İhanet, insanların birbirlerine olan güvenini sarsan, yürekleri paramparça eden bir yaradır. Acısı insanın yüreğinde derin izler bırakır. İnsanın kendisine dahi güvenmediği zamanlarda ihanete uğramasıyla, yalnızlık onu sarar. Kendi kendine sorduğu soruların cevaplarını bulamaz, karanlıkta kaybolur.

Ama ihanetin ve hayal kırıklığının insanlara öğrettiği önemli şeyler de vardır. İnsanlar, kimseye tamamen güvenmemeleri gerektiğini öğrenirler. Herkesin kendi çıkarları doğrultusunda hareket edebileceğini, herkesin kendi hayalleri olduğunu anlarlar. Şayet ihanet yıkıma uğratıyorsa hayatınızı, güçlü durarak paramparça olmaktan kurtulabilirsiniz.

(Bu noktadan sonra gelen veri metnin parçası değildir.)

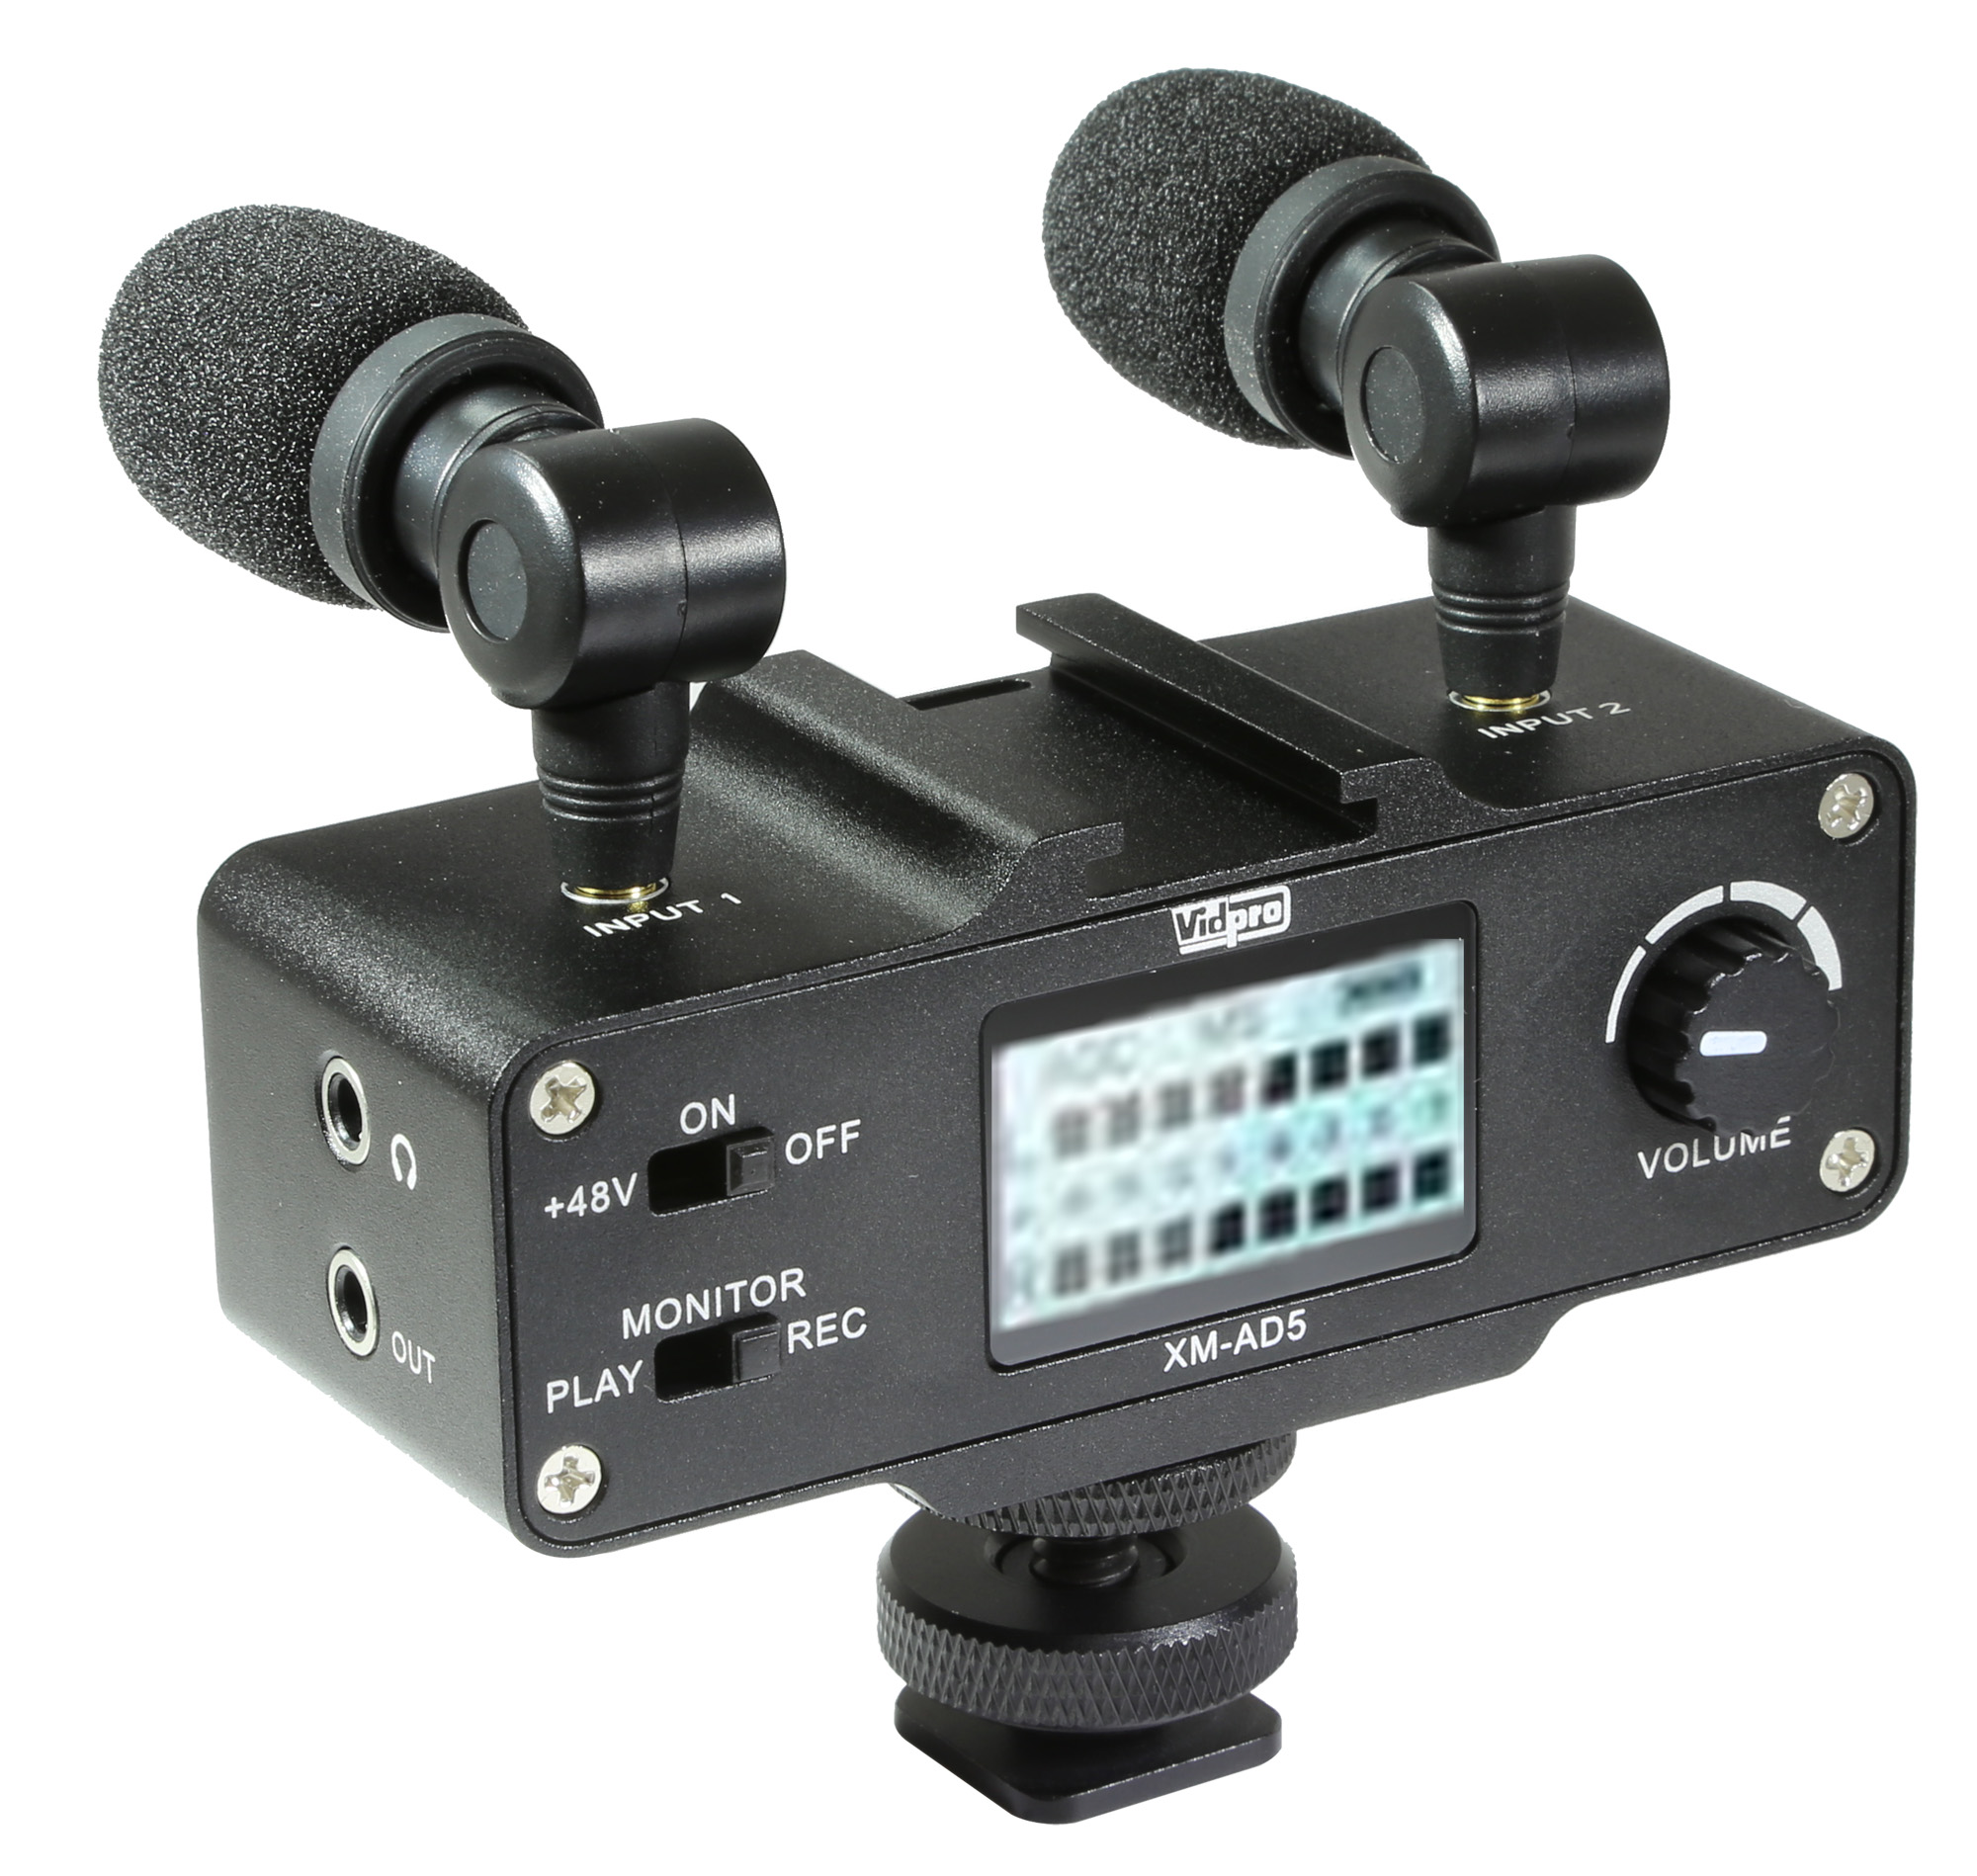 External Microphone for Panasonic HDC-SD600 Camcorder

Güçlü duramamak, hayatımın en zorlu mücadelesiydi. Hayatın bana attığı darbelerde, güçlü durmaya çalıştım. Fakat, bazen güçlü durmanın tek başına yeterli olmadığını anladım. Hayatın bana verdiği zorluklar karşısında, bazen kırılmak, bazen ağlamak, bazen de çaresiz hissetmek, benim de insan olduğumu hatırlattı. Güçlü durmak, her zaman bir seçenek değildi. Bazen, zayıf hissetmek, acı çekmek, hatta kendime acımak bile, beni daha güçlü yapabiliyordu. Ama ne kadar güçlü durmaya çalışan bir kadın da olsam, bana verilen bu yara; içimde düzelmeyecek kırgınlıklara ve asla geçemeyecek izlere neden olmuştu. Böyle bir durumun ortasında olduğumu ve burada düşmanlarımın, zaaflarımı kullanacağını tahmin ediyordum. Fakat, bu kadar savunmasız bir noktadan vurulacağımı hiç beklememiştim.

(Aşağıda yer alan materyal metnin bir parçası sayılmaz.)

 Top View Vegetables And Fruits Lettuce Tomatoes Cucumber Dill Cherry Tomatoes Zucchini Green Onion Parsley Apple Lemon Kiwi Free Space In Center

Ama yine de buradaydım. Bana yaşatılanlara göz yummayacak, yaşadığımı yaşatacaktım. İçimde süregelen bu intikam duygusu tüm bünyemi sarmış ve doğru düşünmemi engelliyordu. Tek yapmak istediğim hepsine işkence çektirmekti. İntikam, acıyı paylaşma şekliydi. Ama acıyı paylaşmanın, acıyı iki katına çıkarmaktan başka bir şey olmadığını bilmiyordum.

Dizimi kendime çektim ve botumun içine bir tane daha bıçak sıkıştırdım. Bu her zaman benim kendimi garantiye alma planımdı.

Arkama yaslandım ve üstümü düzeltip yanımdaki Louis, Svarog ve Zayn'e döndüm. Hepimizin kulağında öteleyicilere bağlı kulaklıklar, kurşun geçirmez çelik yelekler, siyah çizme ve pantolonlar vardı.

Bu gece onları çok pis avlayacaktık ve biliyordum ki o şerefsiz bana ölmek için yalvaracaktı. Fedrick'in sonunu ben getirecektim. Kendi ellerimle.

"Adamlar girdiğinde anında haber istiyoruz, anlaşıldı mı?"

Zayn kulaklığına konuştuğunda, kendi kulaklığıma gelen onay sesini duydum. Arabada, büyük binanın girişinin biraz uzağında bekliyorduk. Öteleyicilerin belirlediği ajanlar ilk olarak girmeye çalışacaktı. Eğer başarabilirlerse arkalarından hızlıca biz de girecektik.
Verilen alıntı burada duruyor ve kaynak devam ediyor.